Ideally, I would just need an SSH key inside your machines and the capabilities to open an ssh tunnel inside the firewall to scrape metrics.

Ideally, the metric should get exposed back to the customer.

I am not a big fan of containers when working with data that are irreplaceable. But the use k8s may really help.

manigandham · on Nov 6, 2017

We would be interested, along with other datastores like ElasticSearch, Redis, etc.

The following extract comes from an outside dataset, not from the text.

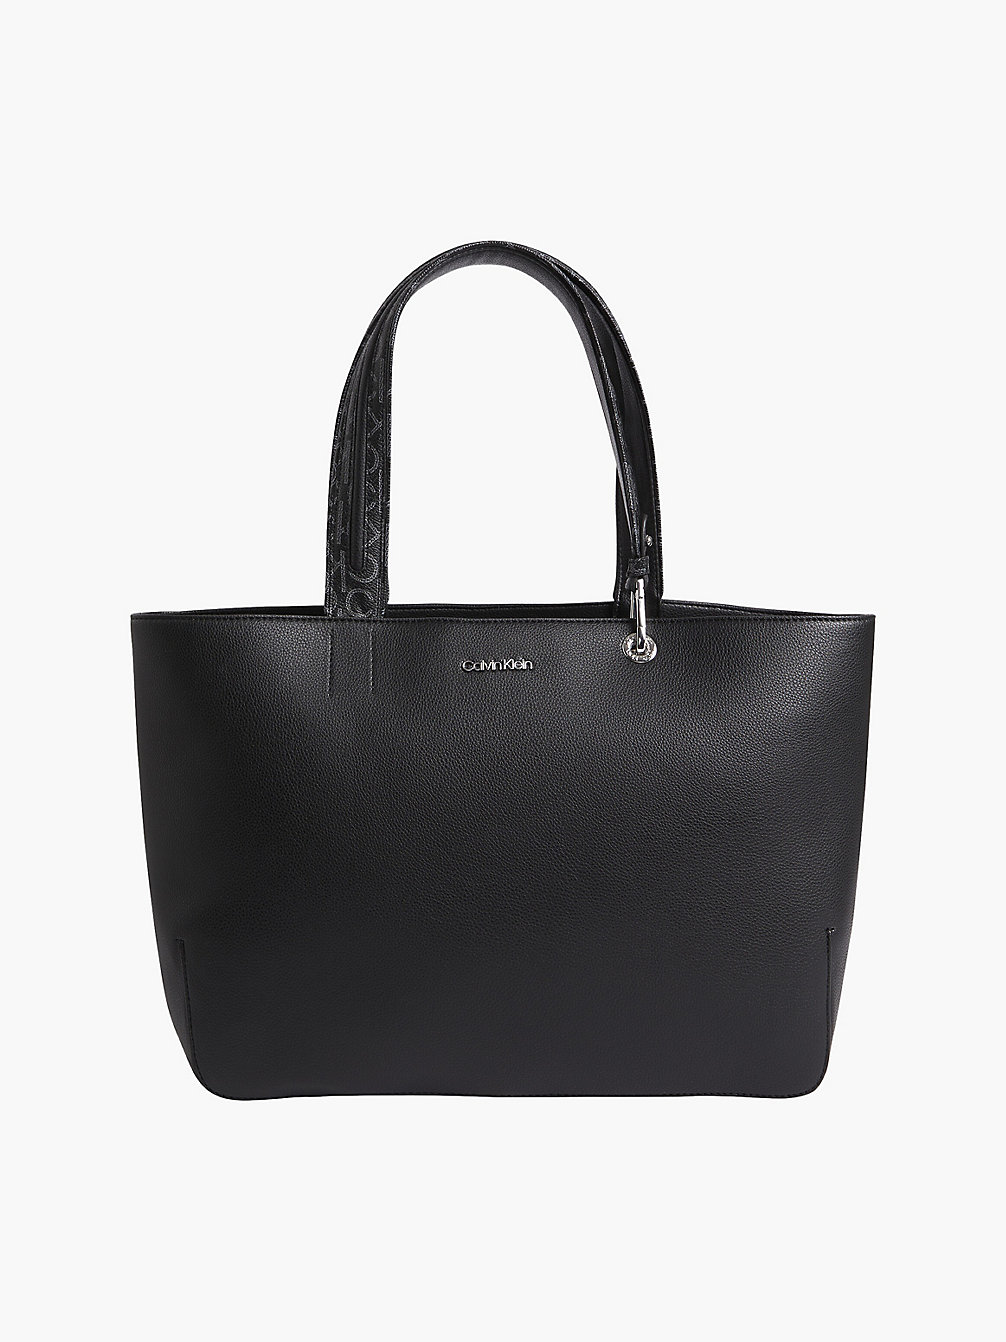 CK BLACK Tote Bag undefined women Calvin Klein
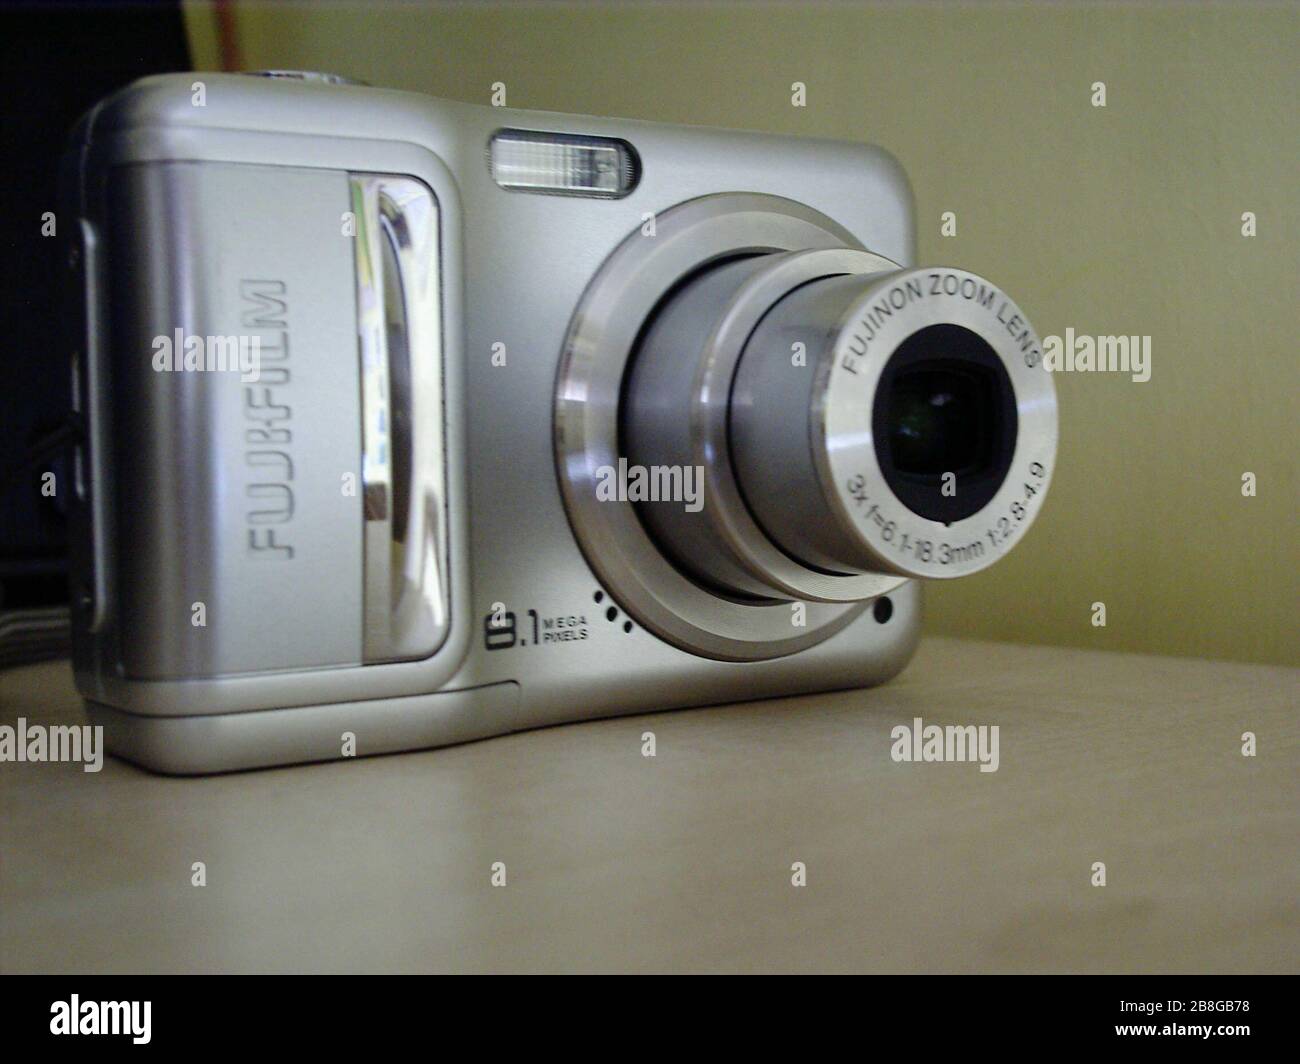 L'inglese: Fujifilm A850 Fotocamera; 23 luglio 2010 (originale data di  caricamento); trasferiti da en.wikipedia Commons by Liftarn utilizzando  CommonsHelper.; Pcwiz11 a Wikipedia in inglese; ' Foto stock - Alamy

AWS, Azure and Google all have various resource organization systems now so that the environment can be isolated but still within our overall account. We run on Google and it would be nice to have a separate project for managed databases while taking advantage of our existing billing arrangements and private network.

siscia · on Nov 6, 2017

I will make sure to keep you updated :-)

brightball · on Nov 6, 2017

Yes, but the trick with it is pricing it so that I have a reason to use it instead of just using RDS.

If I could get something like that on Digital Ocean I’d be all over it.

manigandham · on Nov 6, 2017

You already have options:

https://aiven.io

https://www.databaselabs.io/

siscia · on Nov 6, 2017

Well, Aiven seems to support DO: https://aiven.io/postgresql

no1youknowz · on Nov 6, 2017

Out of interest, could you support MySQL? Or more specifically MemSQL?

manigandham · on Nov 6, 2017

MySQL and MemSQL are very different, are you looking for a data warehouse specifically?

They are closed-source and require enterprise licensing based on RAM quota so it's not simple to do automated cloud provisioning. They do have their own MemSQL cloud offering so you might inquire into that. Also MemSQL Ops is probably the easiest and most reliable operations software for any database, it just takes a few clicks to install and upgrade your cluster.

siscia · on Nov 6, 2017

This is really just an idea to solve a pain point of mine that I guess is shared among us...

By the way I don't have any experience with MemSQL

jarym · on Nov 6, 2017

I imagine there is interest in it since Aiven provide such a thing.

siscia · on Nov 6, 2017

Aiven works only with public clouds...

te_chris · on Nov 6, 2017